**ASSIGNMENT:**
Omit the images, then repeat the listing exactly.

**DATA SHOWN:**
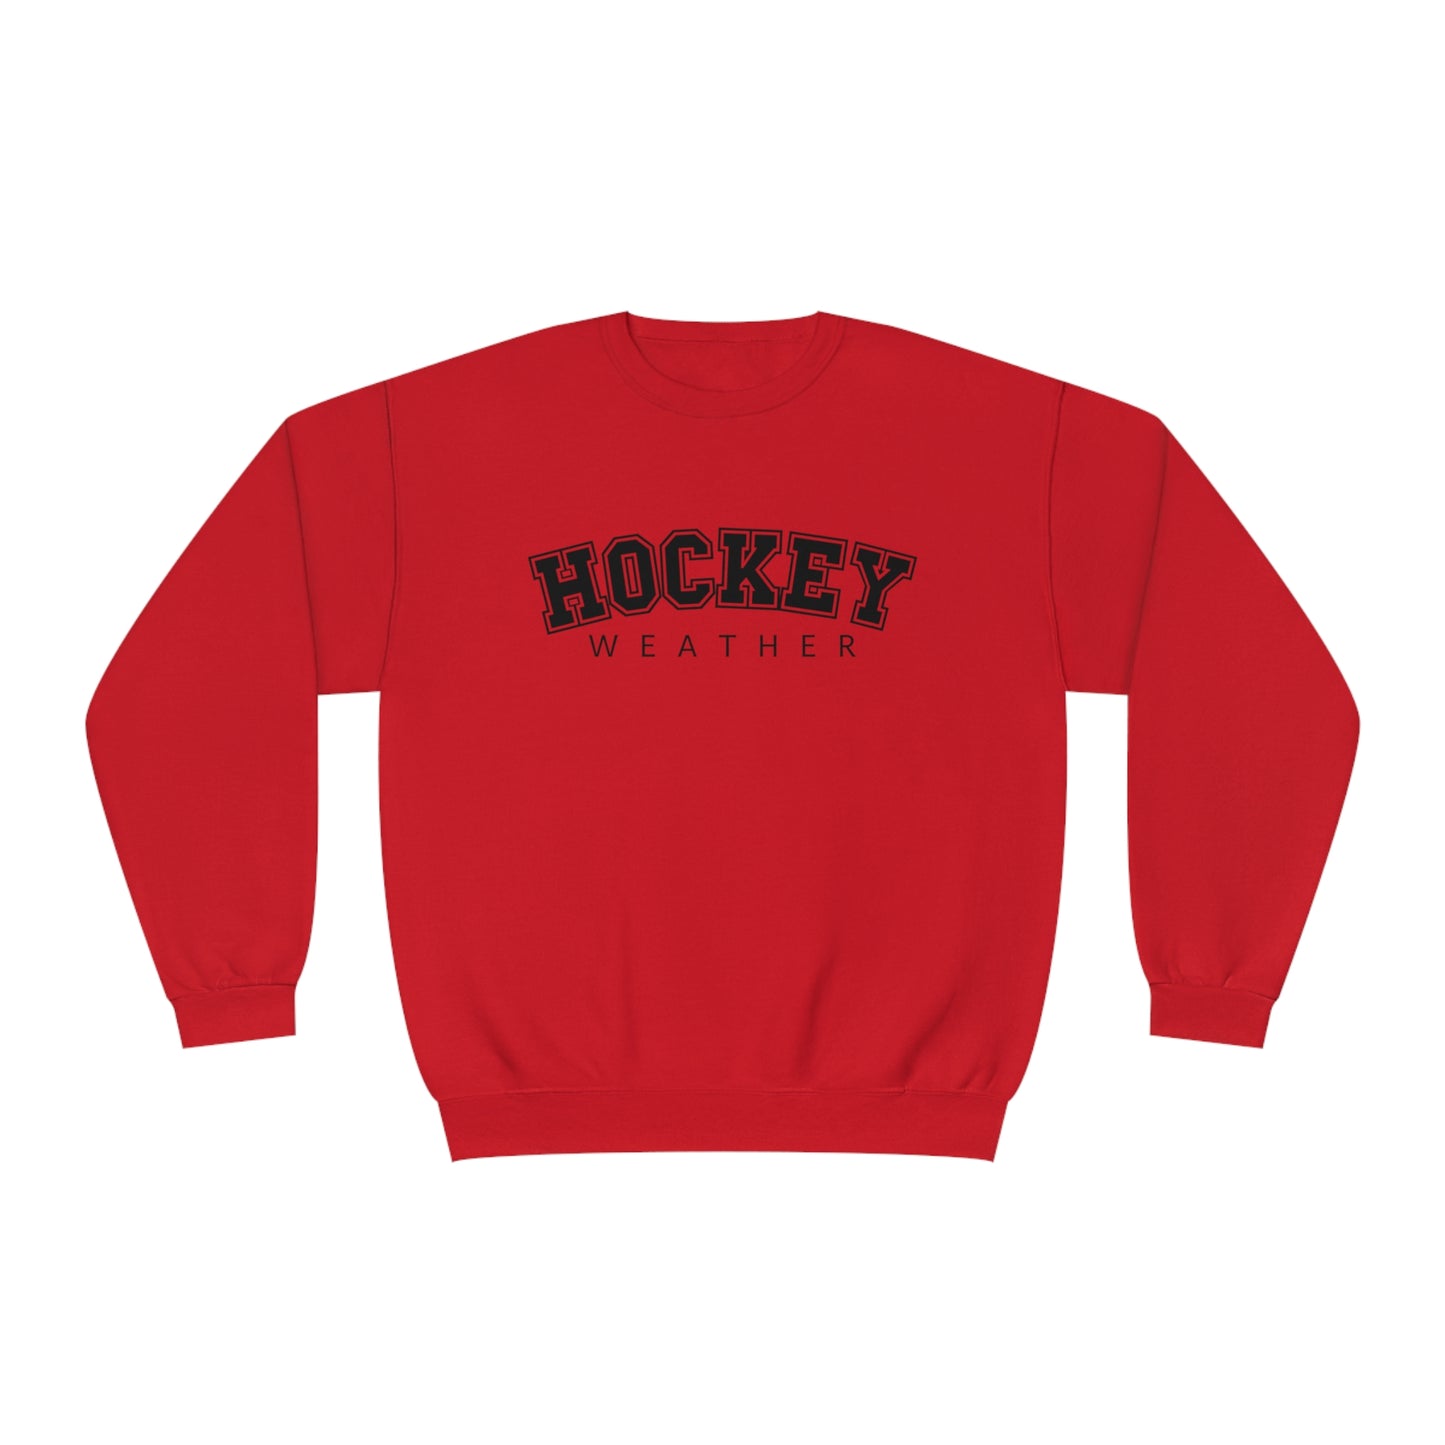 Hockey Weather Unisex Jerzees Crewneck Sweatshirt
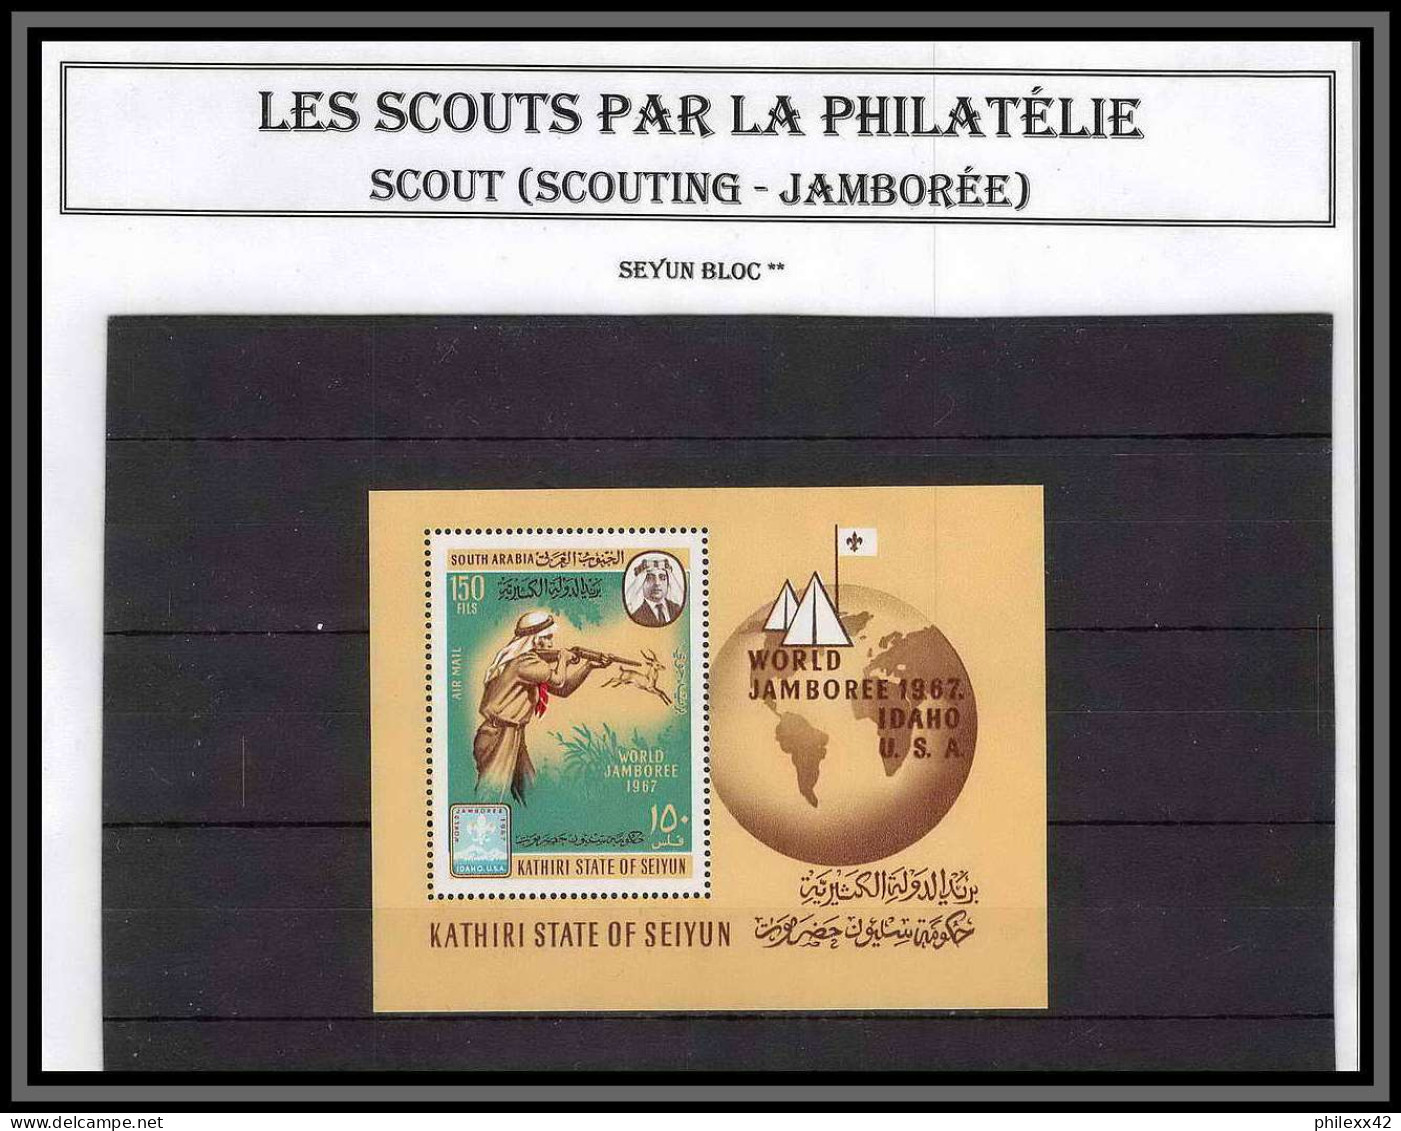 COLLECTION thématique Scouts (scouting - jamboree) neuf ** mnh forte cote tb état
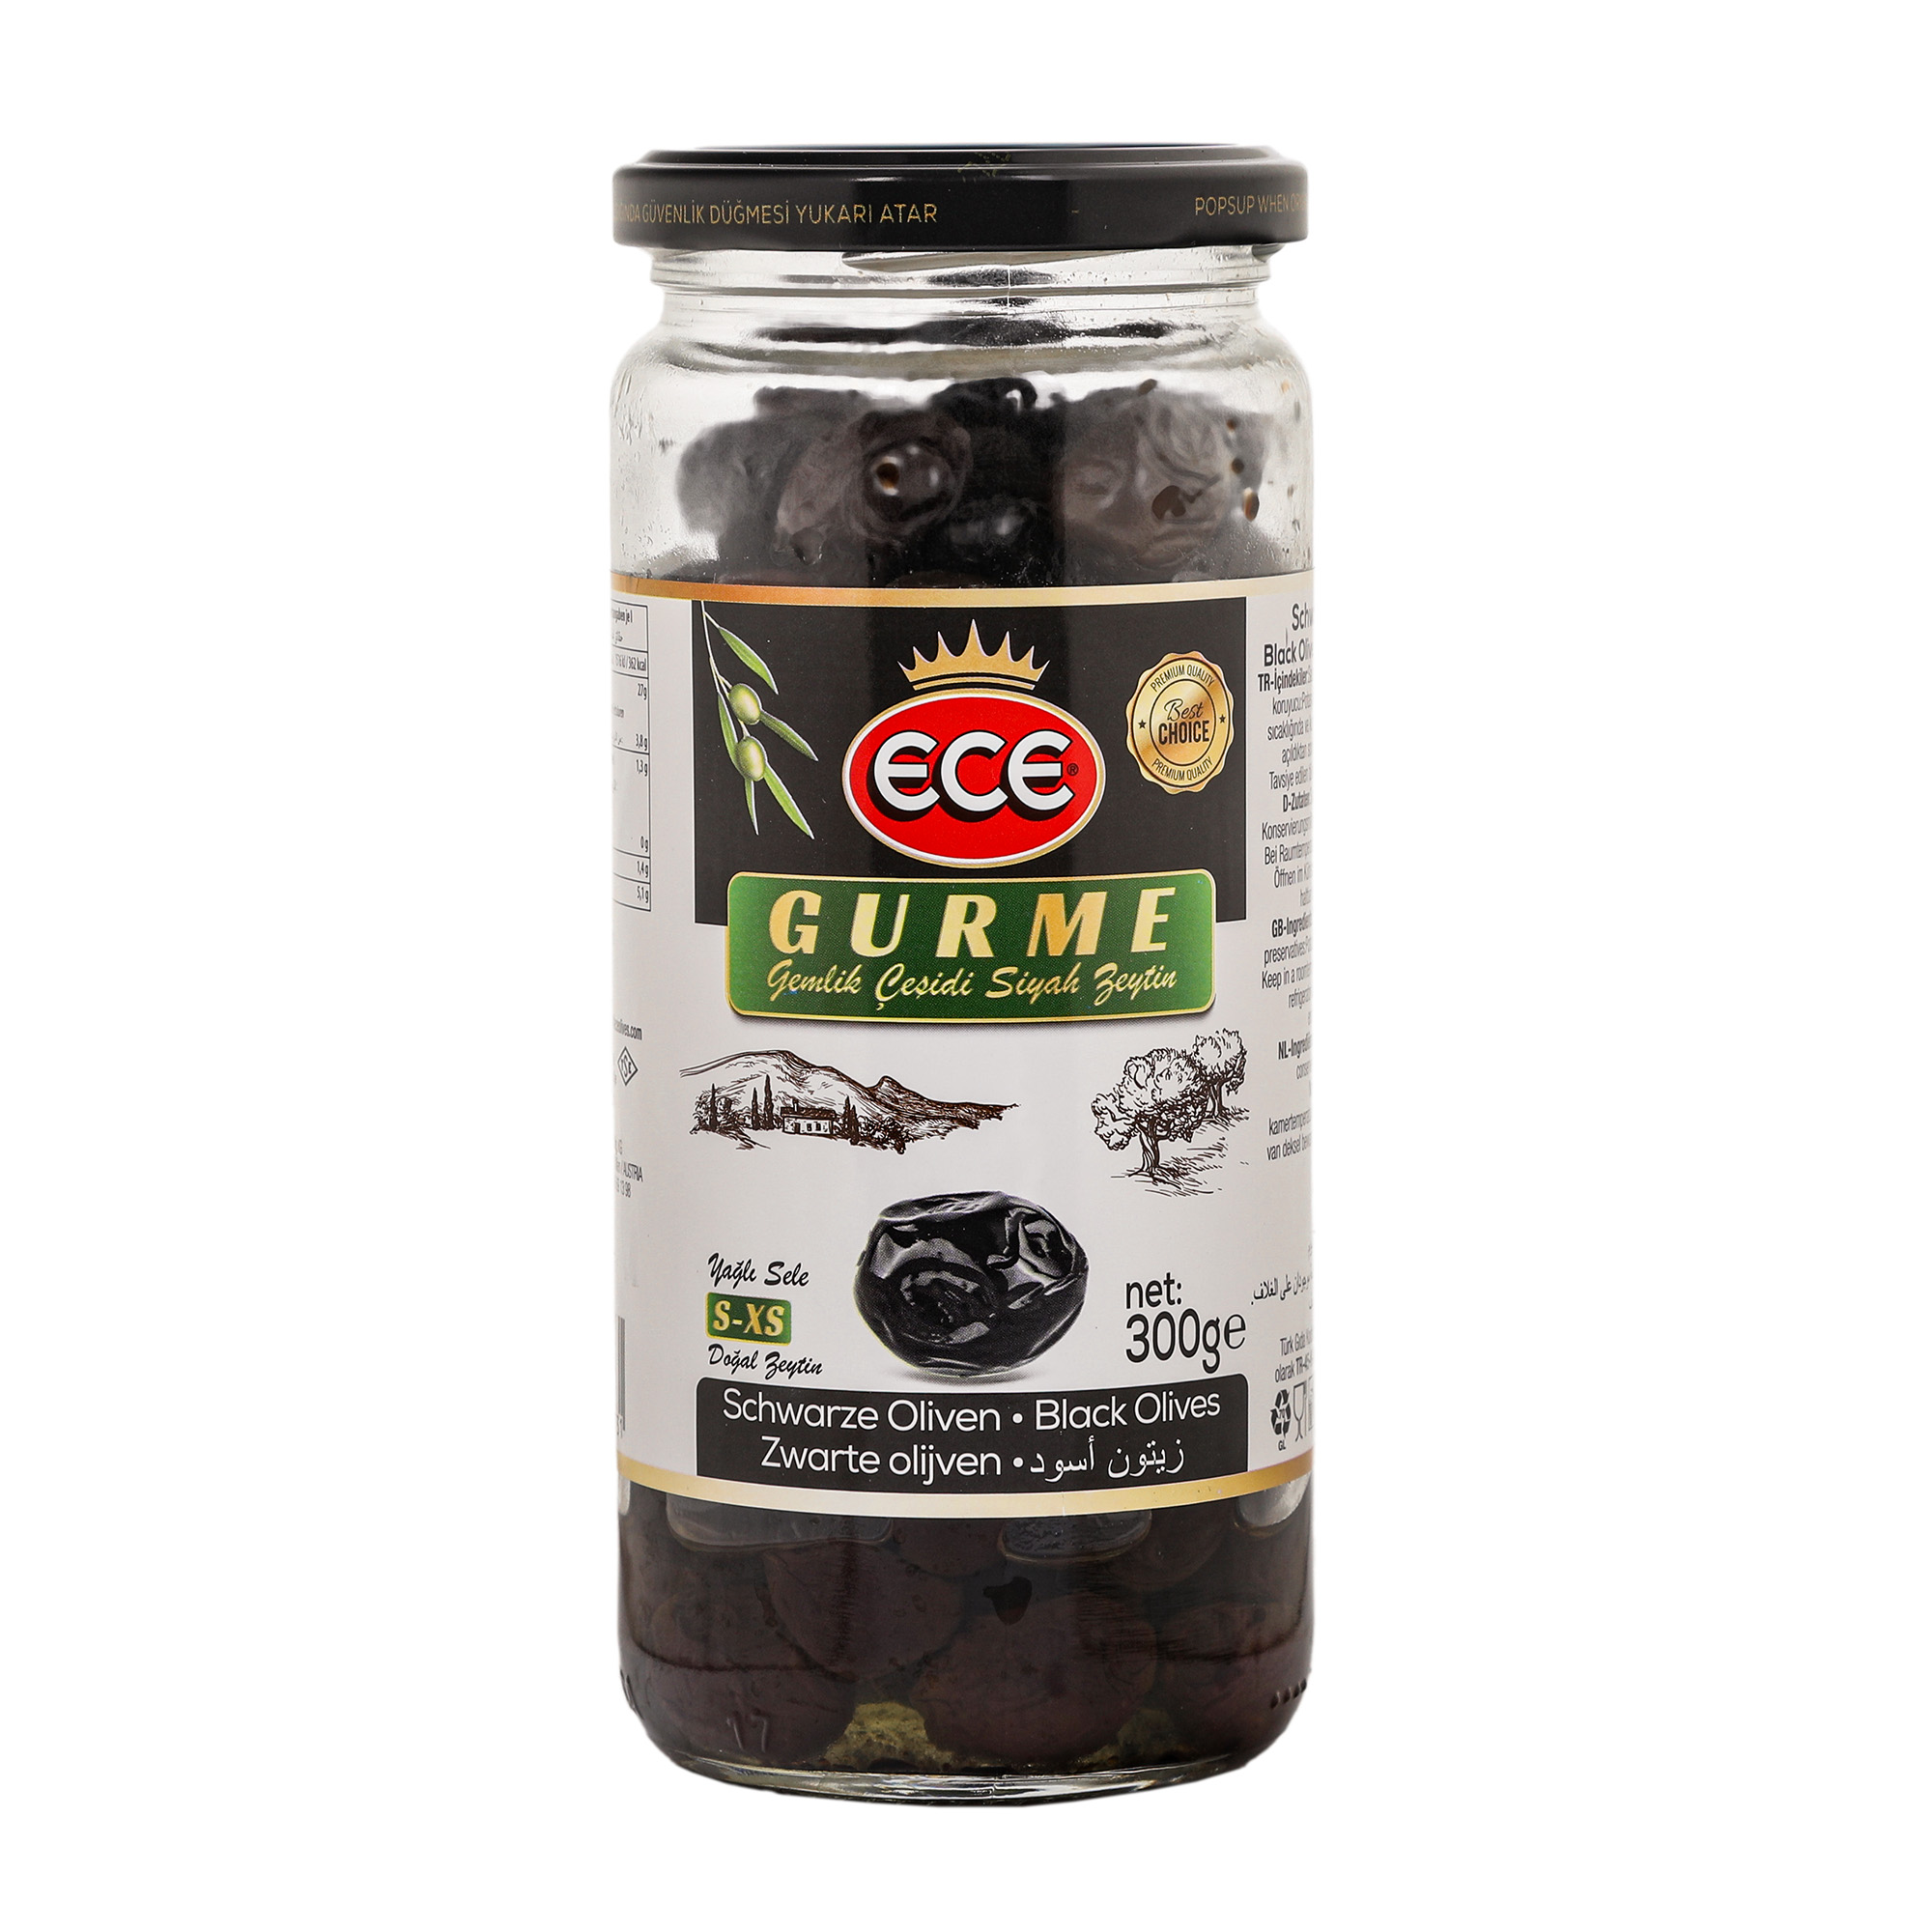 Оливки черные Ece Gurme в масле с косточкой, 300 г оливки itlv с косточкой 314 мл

**FINISHED EXERCISE:**
 Hockey Weather Unisex Jerzees Crewneck Sweatshirt
 COLLECTION thématique Scouts (scouting - jamboree) neuf ** mnh forte cote tb état
 Оливки черные Ece Gurme в масле с косточкой, 300 г оливки itlv с косточкой 314 мл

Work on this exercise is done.